CS: What if your opinion about the Sun obviously has an unlimited potential to be harnessed then use that energy for our increasing power needs. What do you think is the viability of that technology?
DMK: As you mentioned, the Sun is going to shine for another five billion years till it finally uses up it’s hydrogen fuel and of course the Earth only uses a fraction of the sunlight that hits it from the Sun. Right now solar costs are still more expensive than fuel fossil costs. But fossil fuels are limited in quantity and quite erratic in price. Prices are rising while the cost of solar keeps dropping every year. At some point the two curves will cross and at the point renewable solar, hydrogen and wind technology will become just as competitive in the market place as nuclear.
Remember now to build a nuclear power plant takes at least 10 years. So this means you have to look at the economics not today, but the economics 10 years from now. And the economics 10 years from now for solar, hydro, geothermal, wind power is quite attractive. For example, people are buying up solar rights to the Sahara Desert now in order to build plants sometime on the future when prices go down for Europe. So some European investors are saying the even though today it’s not economical to solarize the Sahara Desert in the future it will be. And in the future they want to make sure they have the rights to capture sunlight in the Sahara Desert.
So I think that is what we are going to see. We are going to see markets forces kick in because people will realize 10 years from now solar power is extremely competitive with fossil fuel in all aspects and somebody’s going to make a lot of money because at that point renewable technology will be every bit as competitive as fossil fuels.
CS:... One of my heroes is Dr. Albert Einstein and I know you continue his work trying to find a unified theory. But Dr. Einstein also became increasingly a pacifist and he had a lot of pacifist rhetoric towards the end of his life and I’d like you to comment on that.
DMK: Well, I wrote a biography about Albert Einstein and, first of all, you have to realize when he was a teenager he was a draft resistor. Refused to be drafted into the Germany Army. So he was a man, even as a teenager, who put some of his political philosophy into play during World War 1. He was one of very few intellectuals to sign a manifesto against German entry into WWI. There were 100 German intellectuals who signed a manifesto for German entry--there were only three intellectuals including Einstein who signed the manifesto against WWI. During WWII he began to modify his position a bit and say that the German Army should be opposed, you simply can do nothing and allow this racist totalitarian entity to start to take over the world.

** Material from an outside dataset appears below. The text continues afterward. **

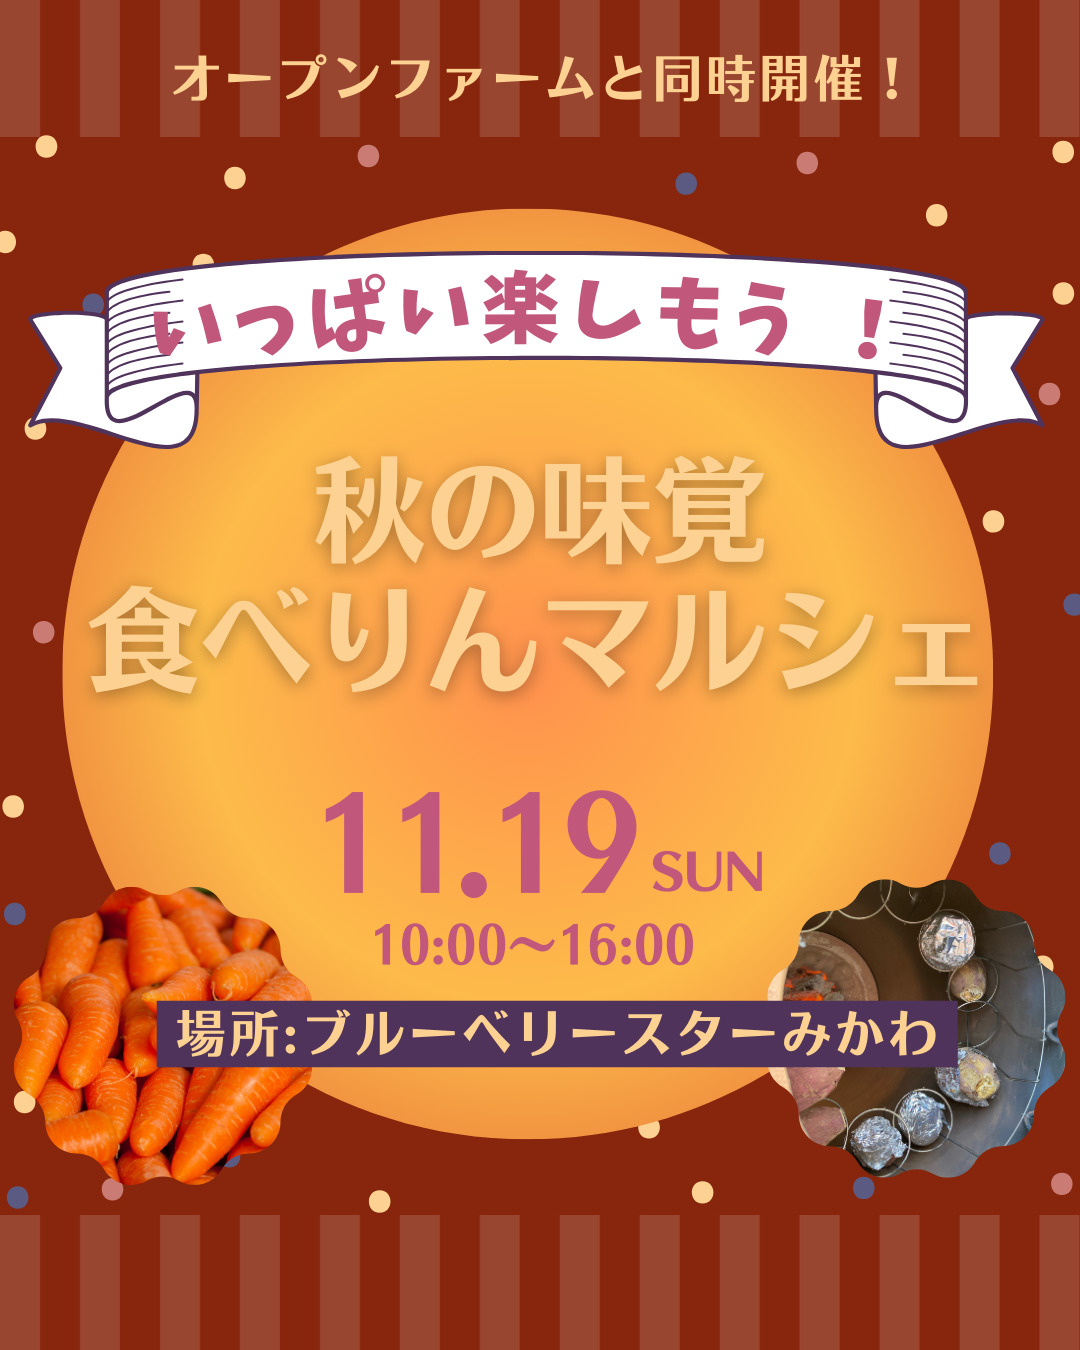 11月19日(日)秋の味覚食べりんマルシェ開催します

Then right after the bombing of Hiroshima he founded the first anti-nuclear organization. It was called the Emergency Committee of Atomic Scientists and it was the very first anti-nuclear organization formed right after the bombing of Hiroshima by Albert Einstein...

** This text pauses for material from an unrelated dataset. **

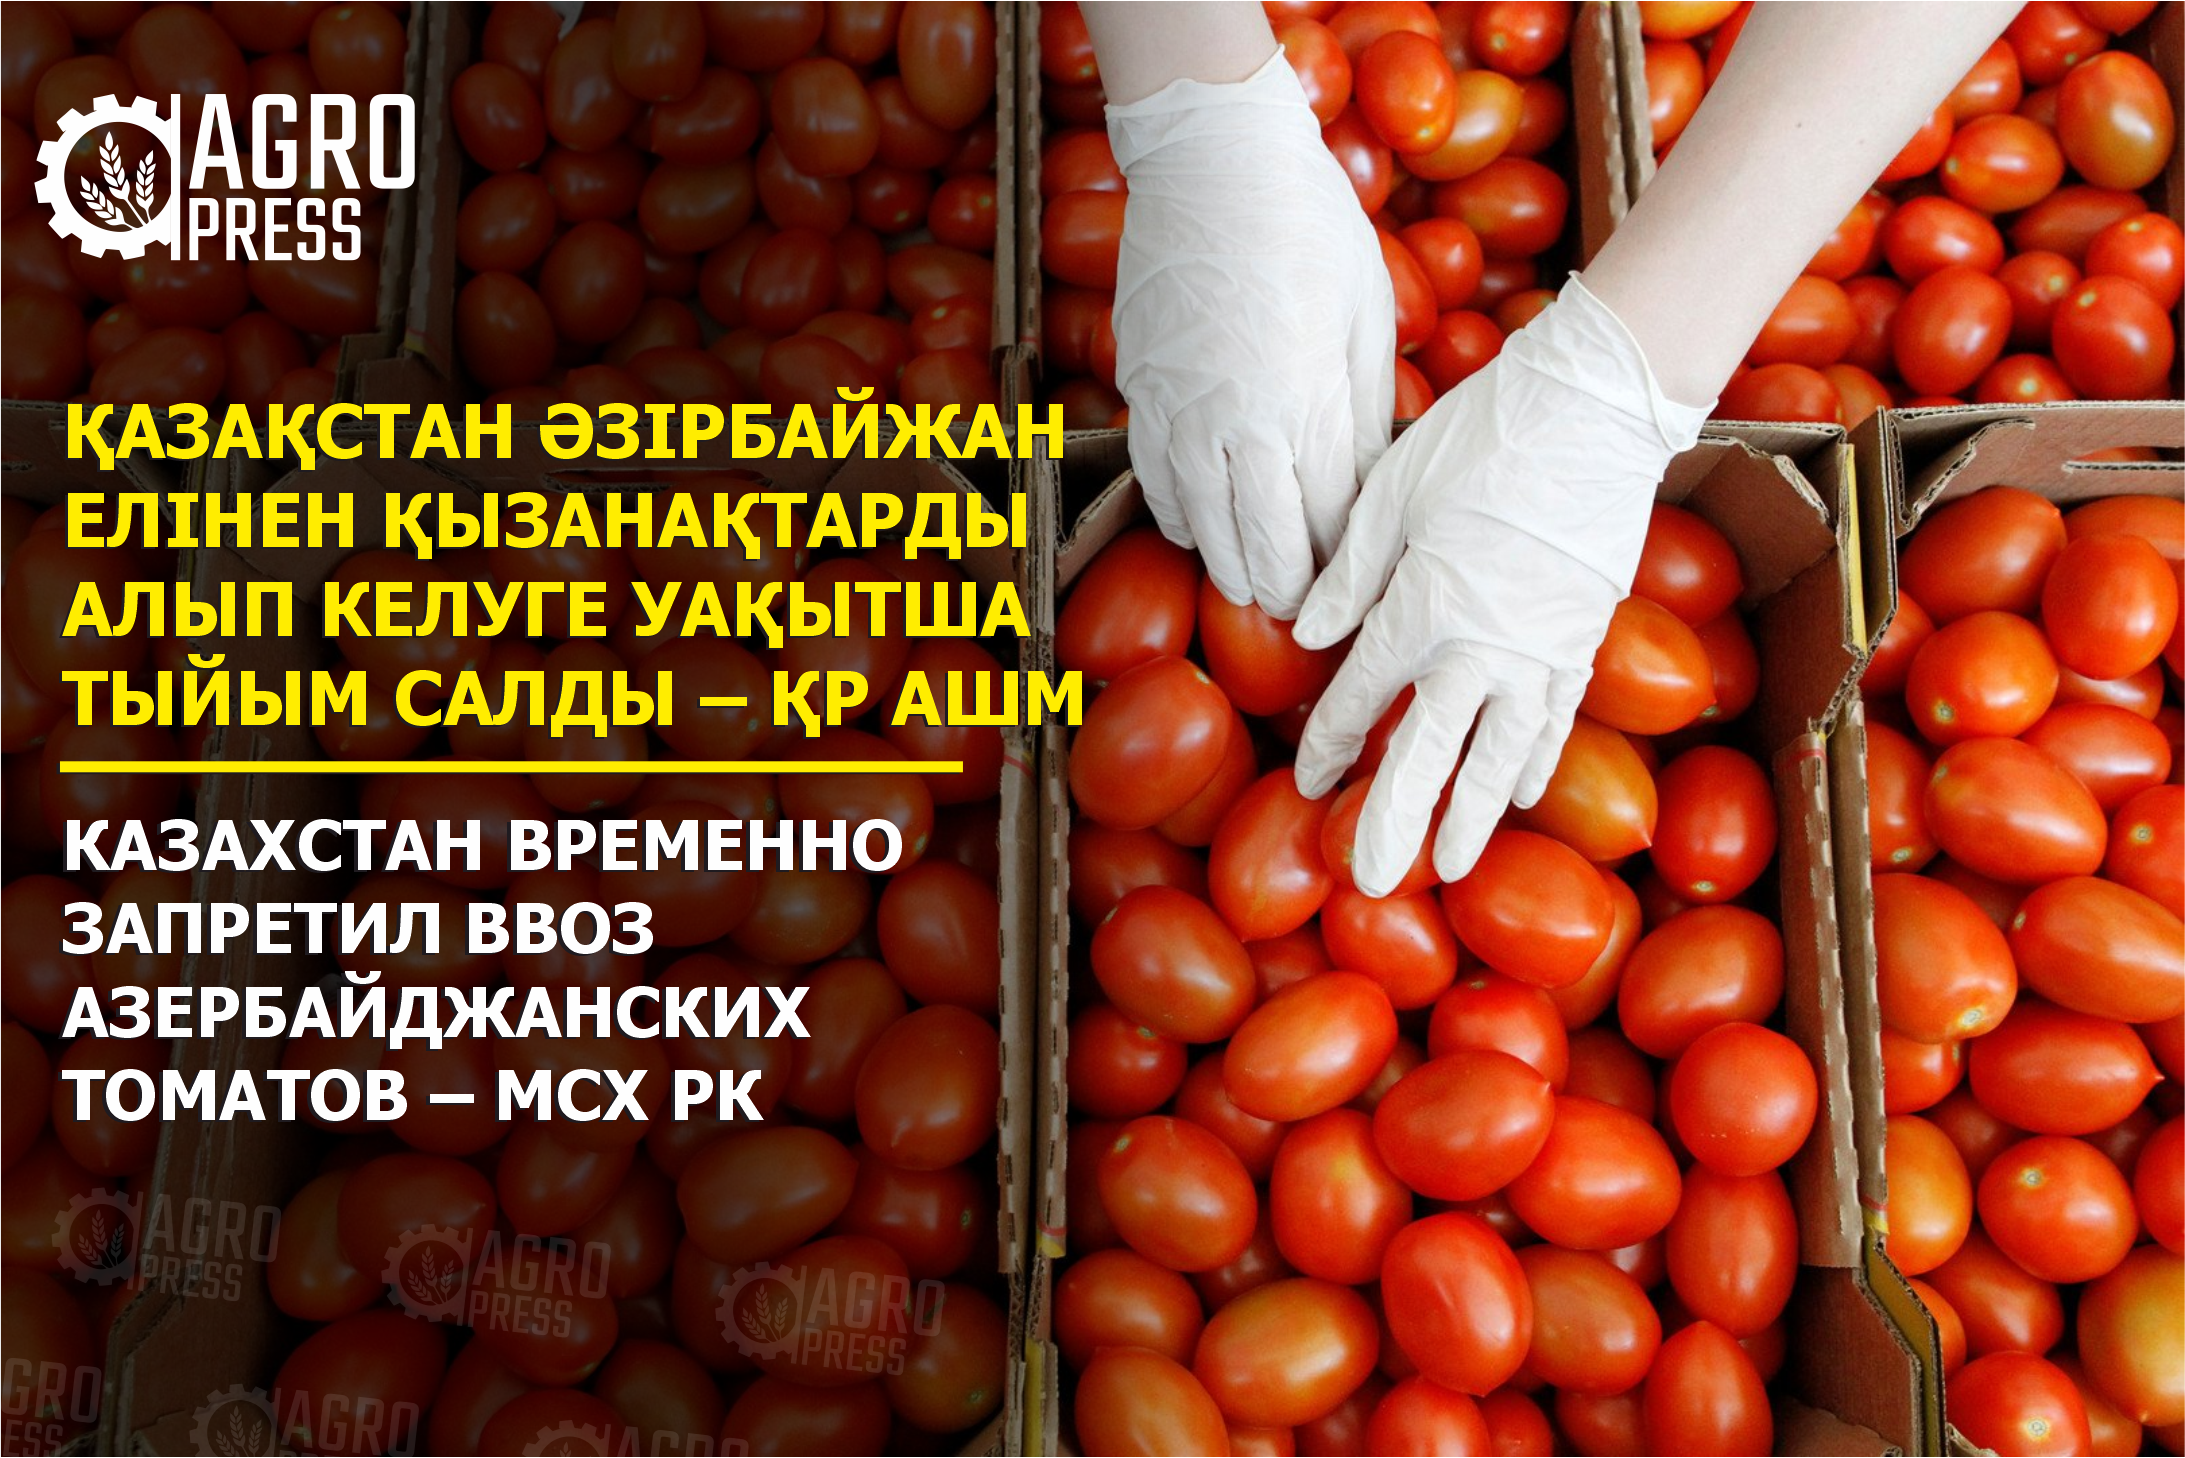 Казахстан временно запретил ввоз азербайджанских томатов – МСХ РК

My favorite Einstein quotes is that “if a theory can not be explained to a child then the theory is probably useless." So all great theories, the theories of Newton, Einstein, all these great theories in principle can be explained to a child.
Hopefully in my I work I try to explain the excitement that we feel converging on this great theories that will one day answer these enormously important questions that even bedeviled Einstein. Is time travel possible? Are there other dimensions? Are there gateways to other universes? These are questions that Einstein actually wrote about and these are actually questions in principle that we can solve using string theory. So I think that we are in a great position now.